An audit gives us more information.

$ npm audit
=== npm audit security report ===

# Run npm install --save-dev [email protected] to resolve 1 vulnerability
SEMVER WARNING: Recommended action is a potentially breaking change
┌───────────────┬──────────────────────────────────────────────────────────────┐
│ Low │ Prototype Pollution │
├───────────────┼──────────────────────────────────────────────────────────────┤
│ Package │ yargs-parser │
├───────────────┼──────────────────────────────────────────────────────────────┤
│ Dependency of │ concurrently [dev]
├───────────────┼──────────────────────────────────────────────────────────────┤
│ Path │ concurrently > yargs > yargs-parser │
├───────────────┼──────────────────────────────────────────────────────────────┤
│ More info │ https://npmjs.com/advisories/1500 │
└───────────────┴──────────────────────────────────────────────────────────────┘

# Run npm install --save-dev [email protected] to resolve 1 vulnerability
SEMVER WARNING: Recommended action is a potentially breaking change
┌───────────────┬──────────────────────────────────────────────────────────────┐
│ Moderate │ Regular expression denial of service
├───────────────┼──────────────────────────────────────────────────────────────┤
│ Package │ glob-parent │
├───────────────┼──────────────────────────────────────────────────────────────┤
│ Dependency of │ nodemon [dev]
├───────────────┼──────────────────────────────────────────────────────────────┤
│ Path │ nodemon > chokidar > glob-parent │
├───────────────┼──────────────────────────────────────────────────────────────┤
│ More info │ https://npmjs.com/advisories/1751 │
└───────────────┴──────────────────────────────────────────────────────────────┘

# Run npm install --save-dev [email protected] to resolve 1 vulnerability
SEMVER WARNING: Recommended action is a potentially breaking change
┌───────────────┬──────────────────────────────────────────────────────────────┐
│ Moderate │ Regular expression denial of service
├───────────────┼──────────────────────────────────────────────────────────────┤
│ Package │ glob-parent │
├───────────────┼──────────────────────────────────────────────────────────────┤
│ Dependency of │ webpack [dev]
├───────────────┼──────────────────────────────────────────────────────────────┤
│ Path │ webpack > watchpack > watchpack-chokidar2 > chokidar >
│ │ glob-parent │
├───────────────┼──────────────────────────────────────────────────────────────┤
│ More info │ https://npmjs.com/advisories/1751 │
└───────────────┴──────────────────────────────────────────────────────────────┘

found 3 vulnerabilities (1 low, 2 moderate) in 1092 scanned packages
3 vulnerabilities require semver-major dependency updates.

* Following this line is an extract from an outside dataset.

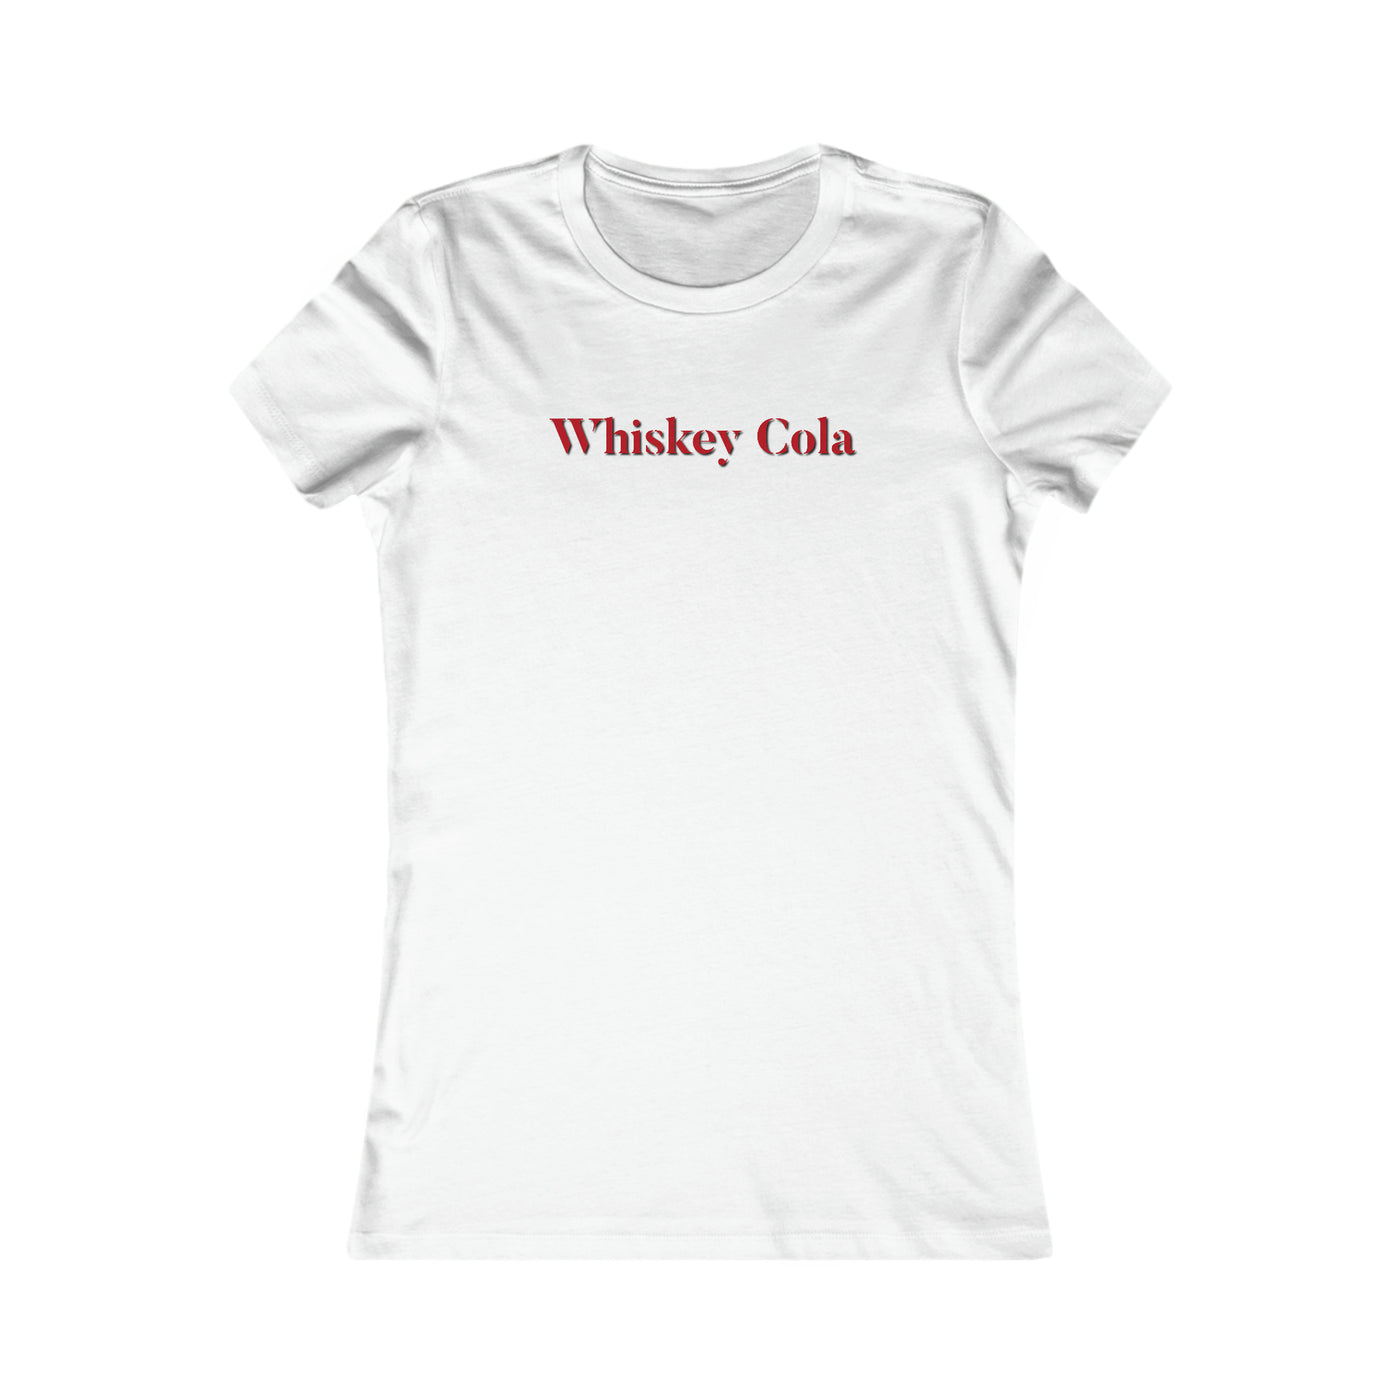 Whiskey Cola Women's Favorite Tee

NPM has the possibility to auto-fix:

$ npm audit fix

And if there are SEMVER warnings, let’s manually check each dependency override all warnings and upgrade anyway.

$ npm audit fix --force

NPM updates everything accordingly. Time to create a new yarn.lock file. Remove the old one and call yarn import.

$ rm yarn.lock
$ yarn import

Yarn will create the lockfile based on your package-lock.json. No need for package-lock.json anymore, so let’s get rid of it and do another audit.

$ rm package-lock.json 
$ yarn audit
yarn audit v1.22.10
0 vulnerabilities found - Packages audited: 945
✨ Done in 1.20s.

✨ indeed. Commit, push, and get rid of all your dependabot alerts.

A cry for help #

This is what I found out while maintaining some projects from the past that screamed red warnings at me because of outdated dependencies. To be fair, I never used Yarn extensively so I can’t tell if I missed something peculiar. If I missed something, I’m more than happy to get in contact with you! Cheers!

Update: Alex introduced me to yarn-audit-fix, which should help in this matter. Thank you!